しかし同時に思うことは、過去の言動の反省も総括もなく、かつ、異論も大事にしてその上で運動体としての方針を打ち出していくことを忘れるならば、そういう運動体はダメでしょ、ということです。

で、もちろんこういった相対主義的な運動なり言説というのは、3.11以降に始まったわけではなく、90年代からの流れがあるわけですよね。
「新しい歴史を作る教科書の会」「小林よしのり」を批判してきたのは誰か?例えば批評家の佐々木敦が「あずまんの一人勝ち」と評した東浩紀はどうでしたかね?
「南京事件」について右派に理解を示したりしてませんかね。
すでに他の方が批判されていますが、小熊英二の朝日に掲載された”(あすを探る 思想・歴史)「ネット右翼」への対処法”。
http://www.asahi.com/articles/DA3S11670003.html
安倍が旧在特会、現教育再生・地方議員百人と市民の会事務局長の増木重夫とツーショットの写真を撮り、閣僚らがネオナチ団体と仲良しなのは、欧米主要メディアも報じているわけですが、何をいまさら眠たいこと言ってんの?というレベルのネトウヨ対処法を語っているわけですよ。
もっと笑止なのは朝日ね。「頑張れ日本」初め対朝日集団訴訟原告人数3万人超えているのに、こんな小熊の論掲載して危機感無いのかね?というレベル。
もっとも、朝日は「極右」のルペンを「右翼」と紹介して、彼女の言い分を思う存分紙面で語らせていますから、驚くことでもないかもしれませんが。

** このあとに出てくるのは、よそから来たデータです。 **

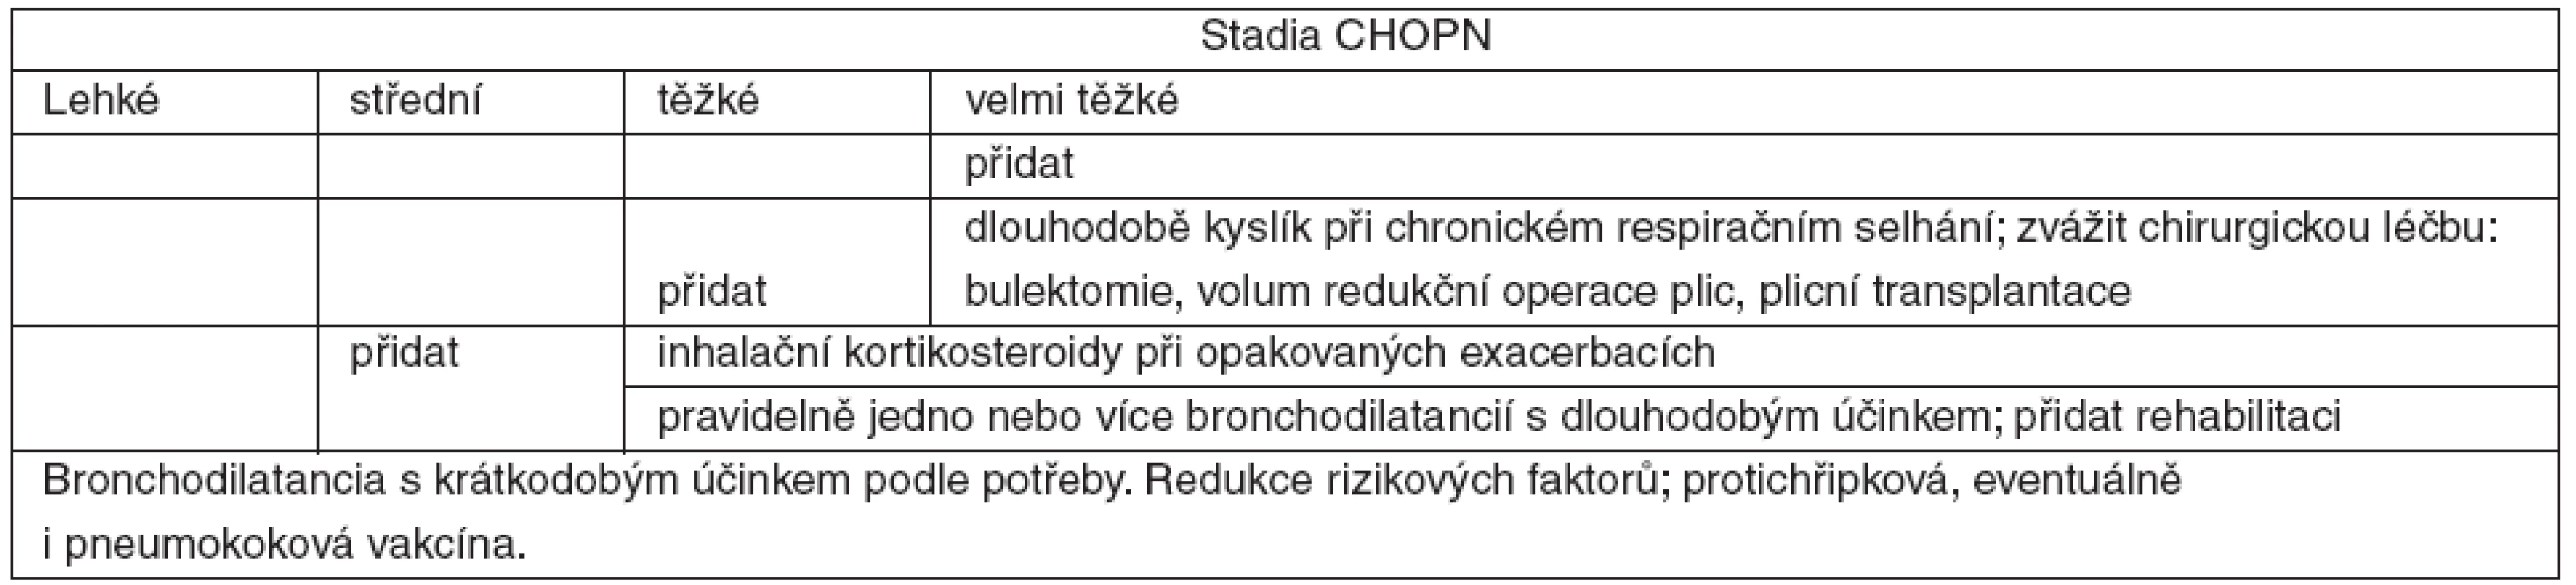 Stupňovitá léčba podle stadií CHOPN – GOLD [1, 2]

「歴史認識」に対する未来志向ってやつも、中韓を刺激するばかりではないでしょ。
先日来日したメルケル。彼女はもちろん保守政治家ですが、彼女に「中韓にも問題ある」と主張して納得されますかね?そんなわけないでしょ。
http://d.hatena.ne.jp/hokke-ookami/20150317/1426658313
アジア女性基金の大沼保昭が秦郁彦らとともに米マグロウヒル社に対して、慰安婦強制連行という記述は誤りだと主張していると。
秦はかつて日本兵総数を250~300万人としていたのに、今回100万人と主張して自説を補強していると。
その秦を外務省は「慰安婦問題のエキスパート」として海外メディア記者に紹介していると。
もともと大沼は挺体協に対する恨み節が目に余っていたわけですが、とうとうこんな歴史改ざん主義者と手を組んだということですね。

結局相対主義がこういった言説や現状を招いているわけで、私が批判しているのはそこです。
ですので、
>『自分の考えが右とか左とかは考慮に入れずに、単刀直入に意見をぶつけていく』
というスタンス
には大いに賛成しますが、原則を大事にしないとアッという間に持ってかれてしまいますよ、ということを言いたいわけです。
ちなみに私の場合の原則とは「人権」です。